Page last updated at 00:37 GMT, Saturday, 12 September 2009 01:37 UK

Gay injustice 'was widespread'

By Julian Joyce
BBC News

Alan Turing
Alan Turing was forced to take drugs or be sent to prison after his conviction

Gordon Brown may have apologised for the "appalling" way gay computer pioneer Alan Turing was treated, but some believe the prime minister should go further.

Many gay men were "treated" in the same way as Alan Turing - given powerful drugs or electric shocks to "cure" them of their homosexuality.

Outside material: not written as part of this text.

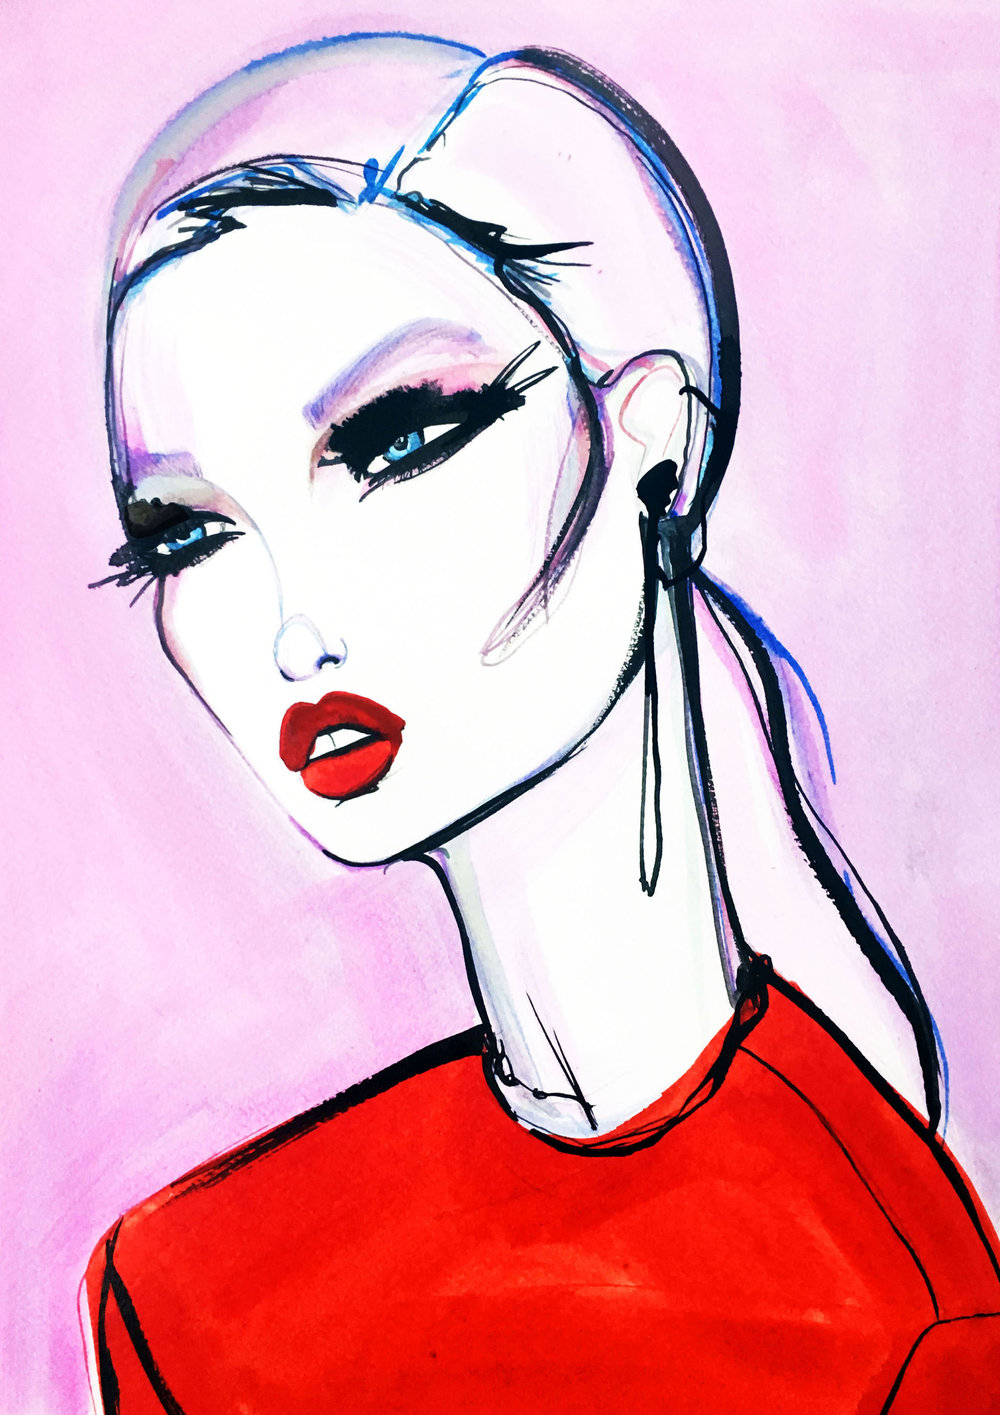 Flamingo - Mixed media painting on paperA3 (29.7x42cm)£400
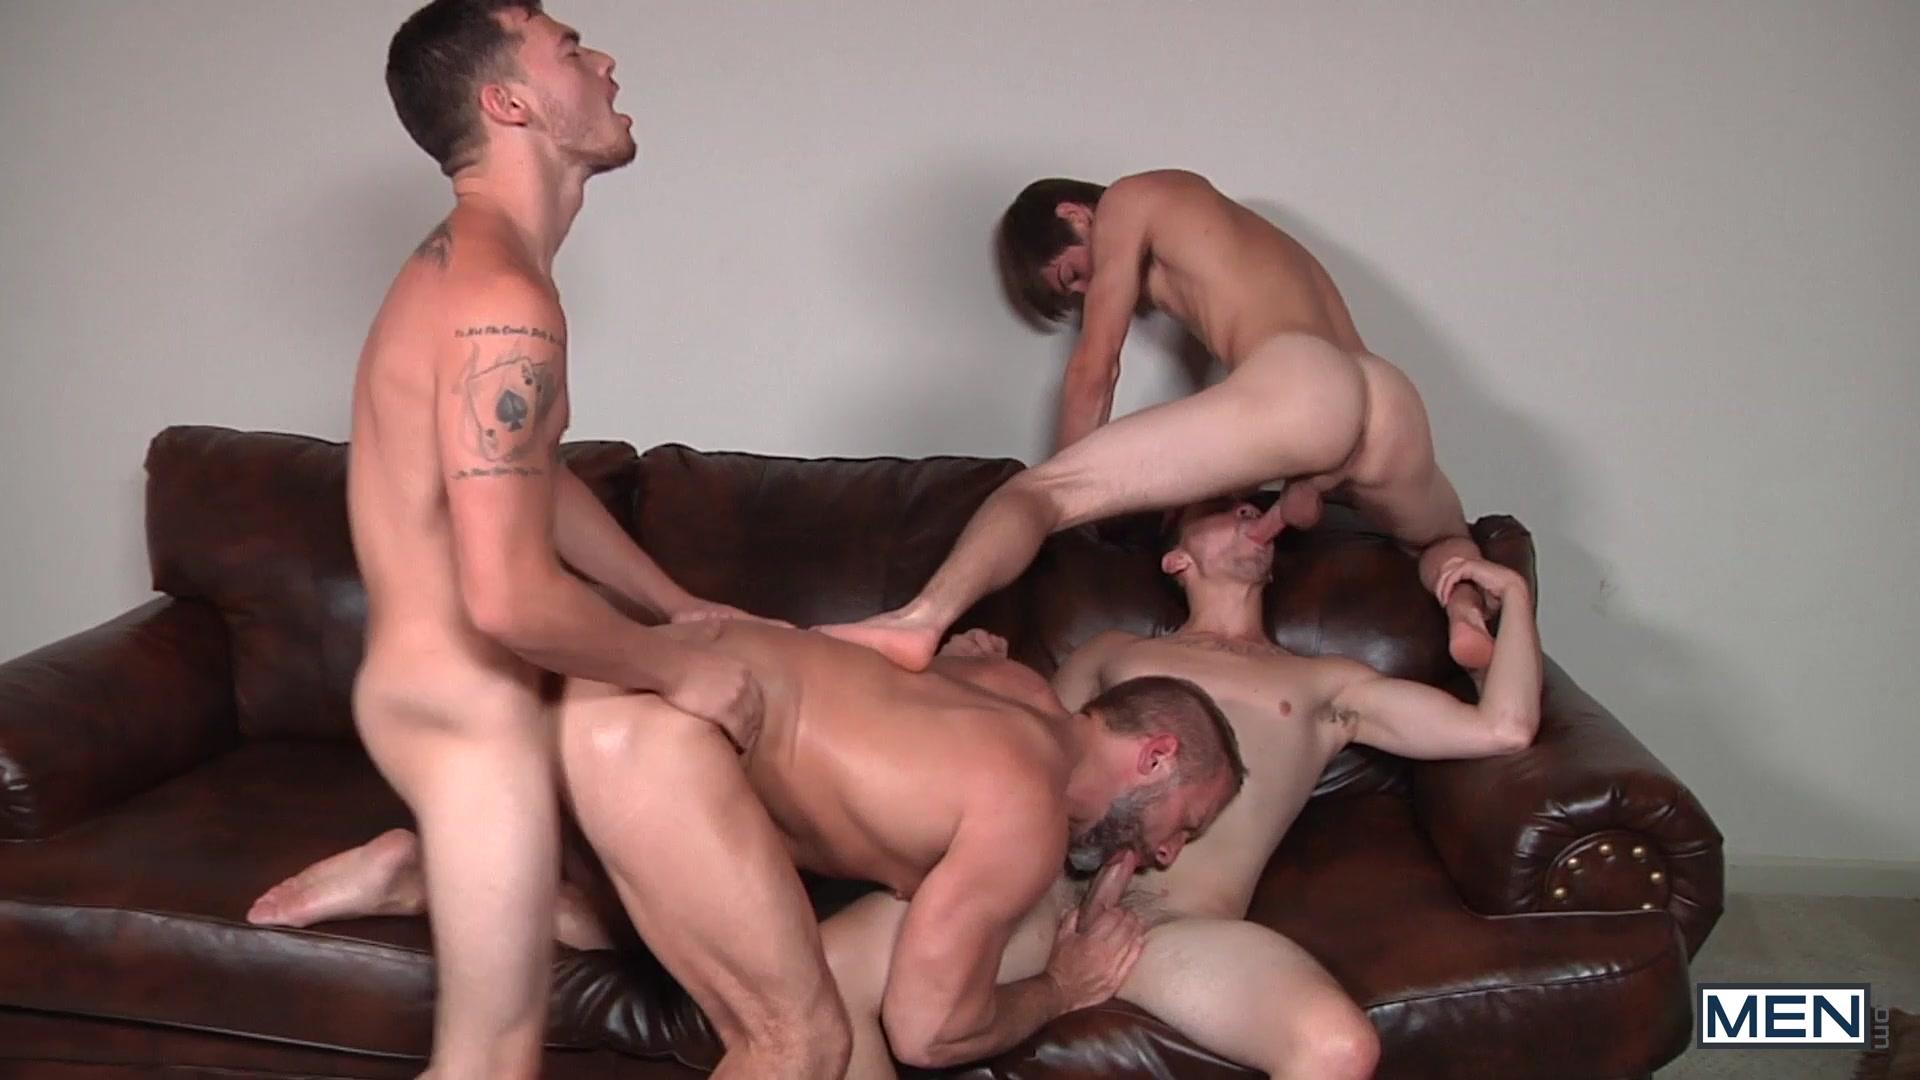 Watch Stepfather's Secret Part 8 – Asher Hawk – Dirk Caber – Johnny Rapid – Trevor Spade – Jo – Jizz Orgy (MEN.COM) Gay Porn Tube Videos Gifs And Free XXX HD Sex Movies Photos Online

Turing - a wartime hero who helped break the Enigma code - killed himself in 1954.

His suicide has been blamed on a combination of depression brought on by the loss of his government job, and on unpleasant physical side effects induced by the drugs he was forced to take.

But the talented scientist was not the only victim of Britain's repressive anti-gay laws.

I would have thought a general apology to all those who suffered would be a good thing
Alison Braithwaite

In 1962, Army captain Billy Clegg-Hill died during medically-supervised "aversion therapy", prescribed by a judge following his arrest for homosexual offences.

Like Alan Turing, Mr Clegg-Hill was given the choice of prison or "therapy" conducted by doctors who believed homosexuality was a treatable disease.

Mr Clegg-Hill's sister, Alison Braithwaite, told the BBC: "Billy's death was covered up by the Army - at the time his death certificate said he died of natural causes."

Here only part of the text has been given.